Background information
- Born: Charles William Ashworth August 10, 1956 (age 70) Yuba City, California, U.S.
- Genres: Contemporary Christian, jazz, pop
- Occupations: Singer-songwriter; record producer; keyboardist; author;
- Instruments: Keyboards, vocals
- Years active: 1977–present
- Labels: Exit; A&M; Island; Sparrow; re:think; Runway Network/RED;
- Formerly of: Ten Out of Tenn;
- Website: charliepeacock.com

= Charlie Peacock =

American singer, songwriter, pianist, and author (born 1956)

Charles William Ashworth (born August 10, 1956), known professionally as Charlie Peacock, is an American singer, songwriter, pianist, record producer, and author. His albums include Love Press Ex-Curio, Arc of the Circle and No Man's Land (2012). He is the founder of re:think, an imprint that signed acts such as Switchfoot.

==Early life==
Peacock was born in Yuba City, California, and his father was a trumpeter and educator. As a youth he was inspired by the music of John Coltrane.

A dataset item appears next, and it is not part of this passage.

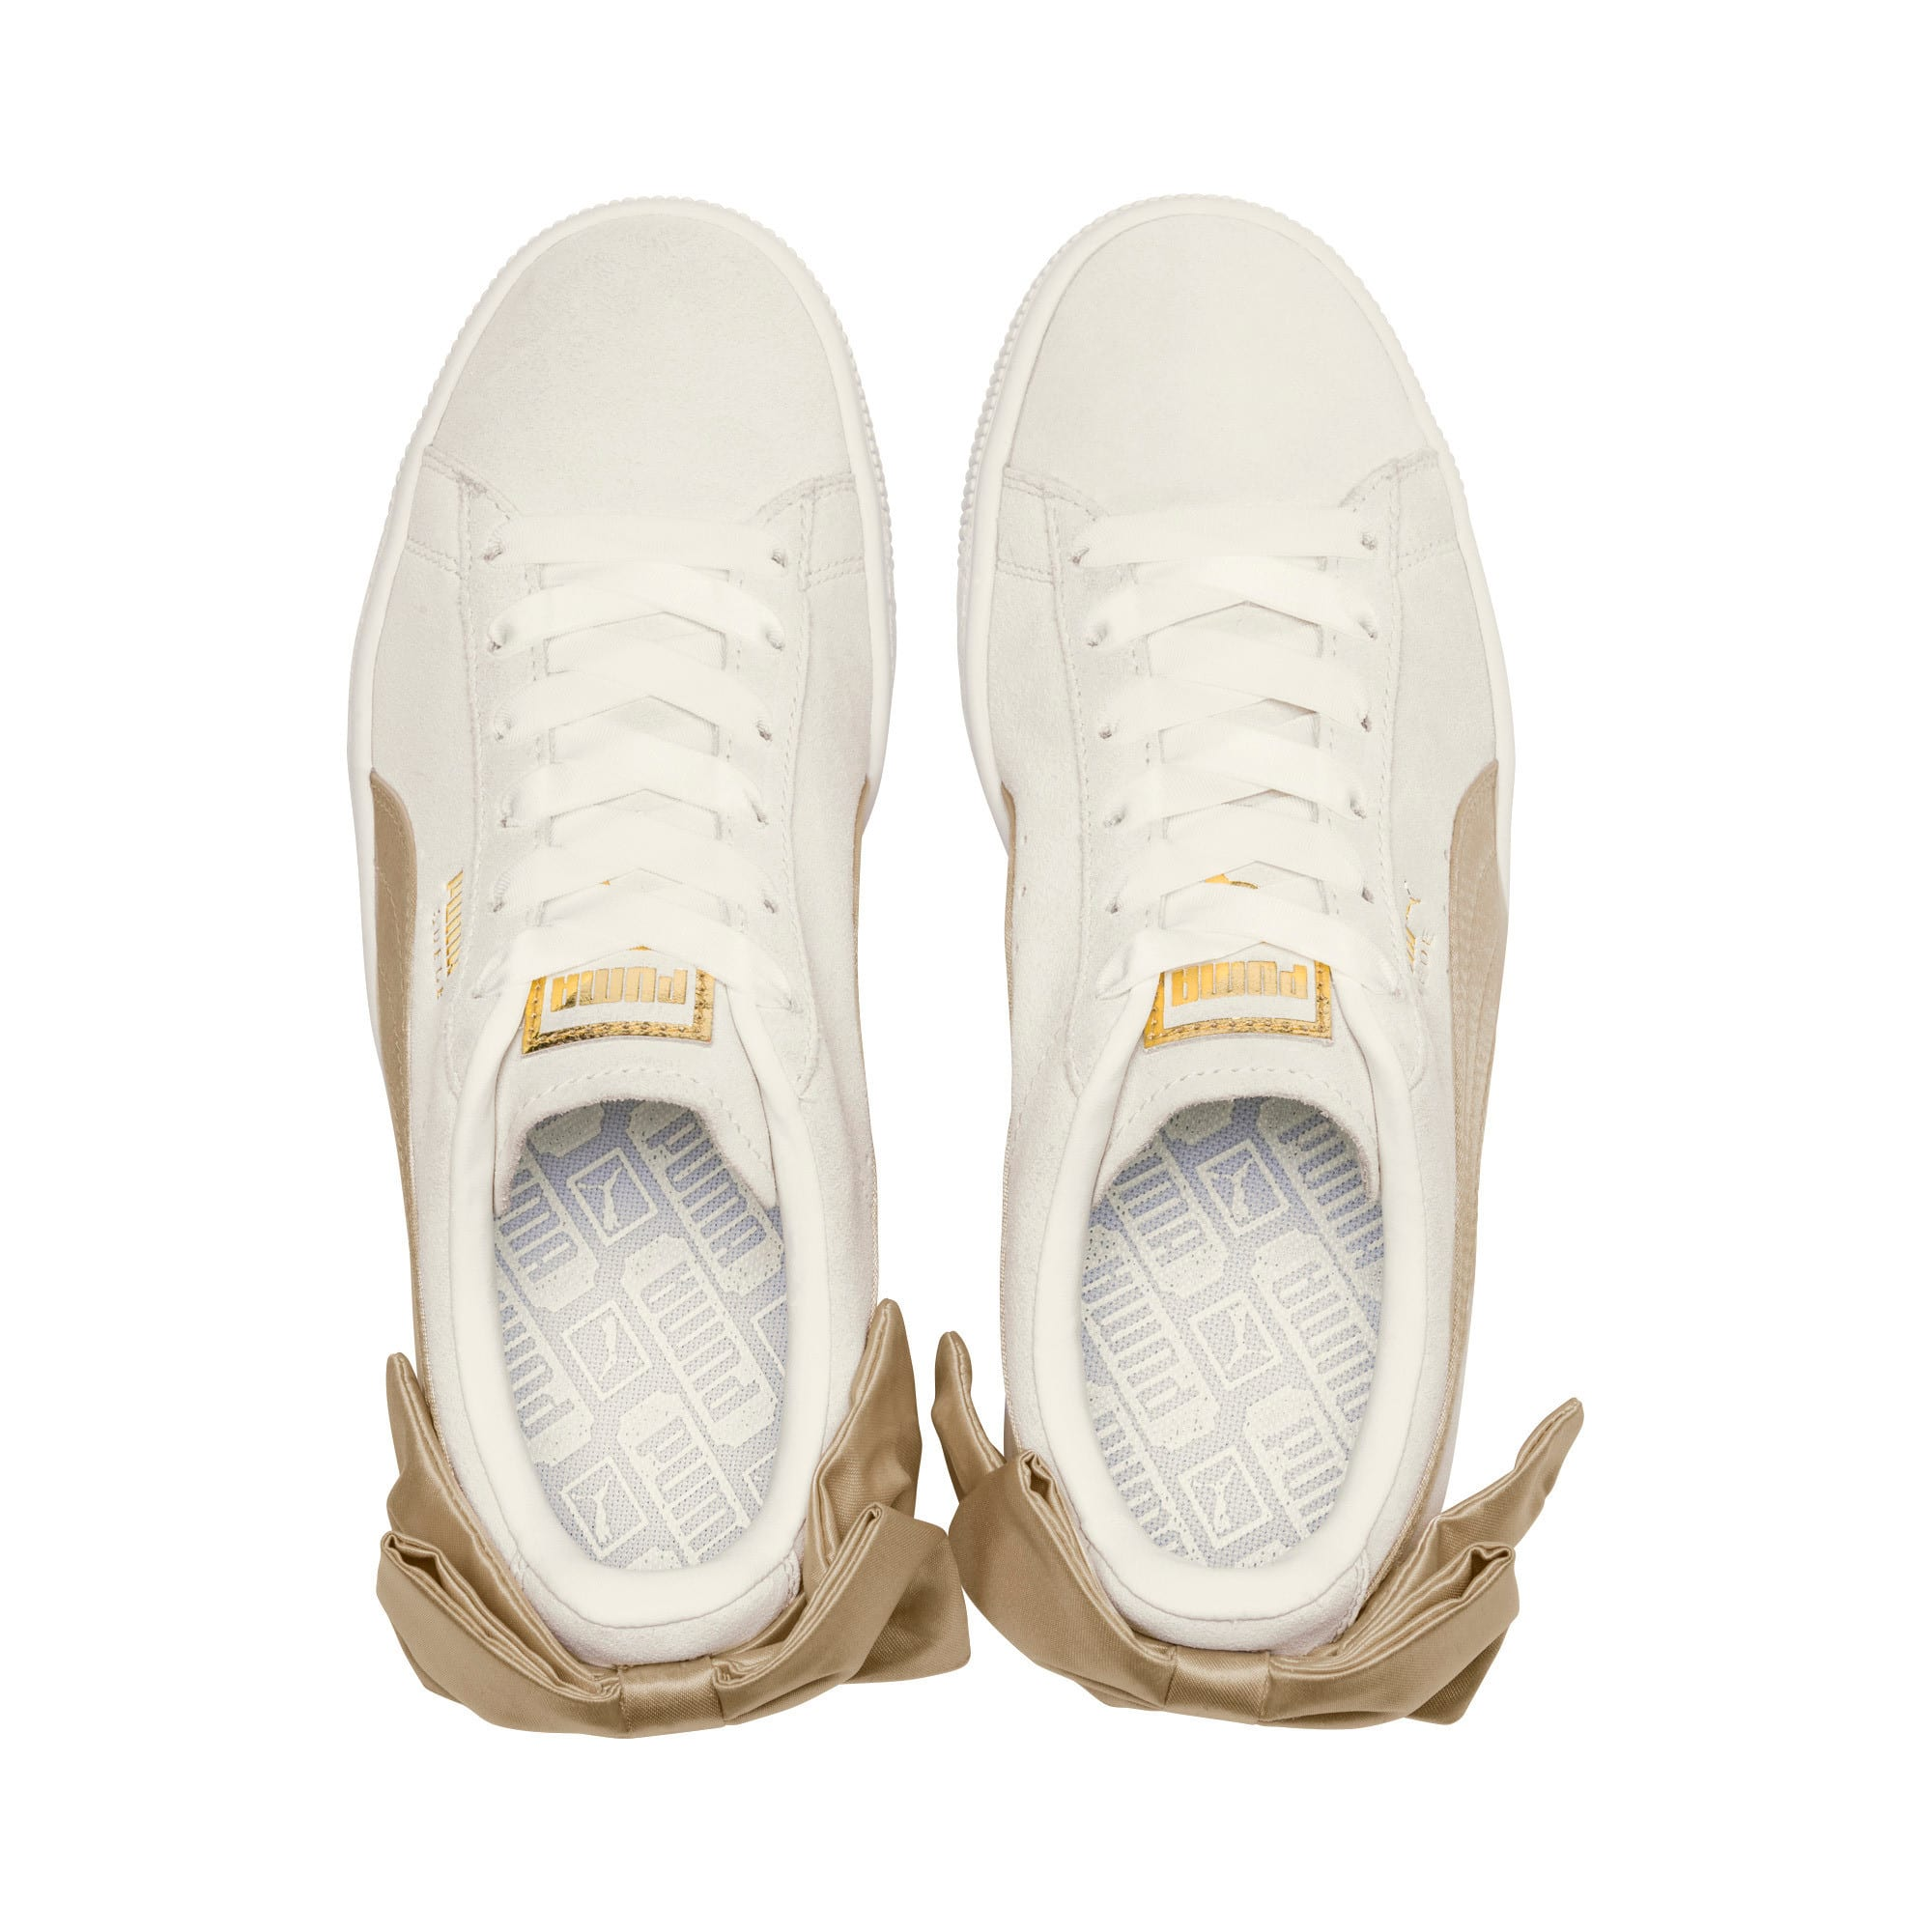 Thumbnail 6 of Suede Bow Varsity Women's Sneakers, Marshmallow-Metallic Gold, medium

In researching his family history he found out that his father's ancestors had lived in Texas and Louisiana and he is part Black, descended from the Ashworth family.

During junior and senior high Peacock received instrumental and theory instruction from his father and a local educator. Peacock, then known as Chuck Ashworth, left Yuba City High School after his junior year at the age of 16.

==Career==
After leaving California State University, Sacramento in 1976 Peacock began playing jazz piano in the band, The Runners. He met author Frank Kofsky at California State University in Sacramento and through him met various jazz artists such as Andrew Hill.

=== 1978 to 1999 ===

In 1978, songwriter Stephen Holsapple recorded Peacock's vocal compositions and they began writing songs together. He began performing at Maurice's American Bar and his song "So Attractive" was placed with a music publisher. Vocalist and songwriter Sal Valentino asked Peacock to join his band and gave Peacock's music to his industry friends. In 1980 A&M Records signed Peacock for a demo recording with producer David Kahne.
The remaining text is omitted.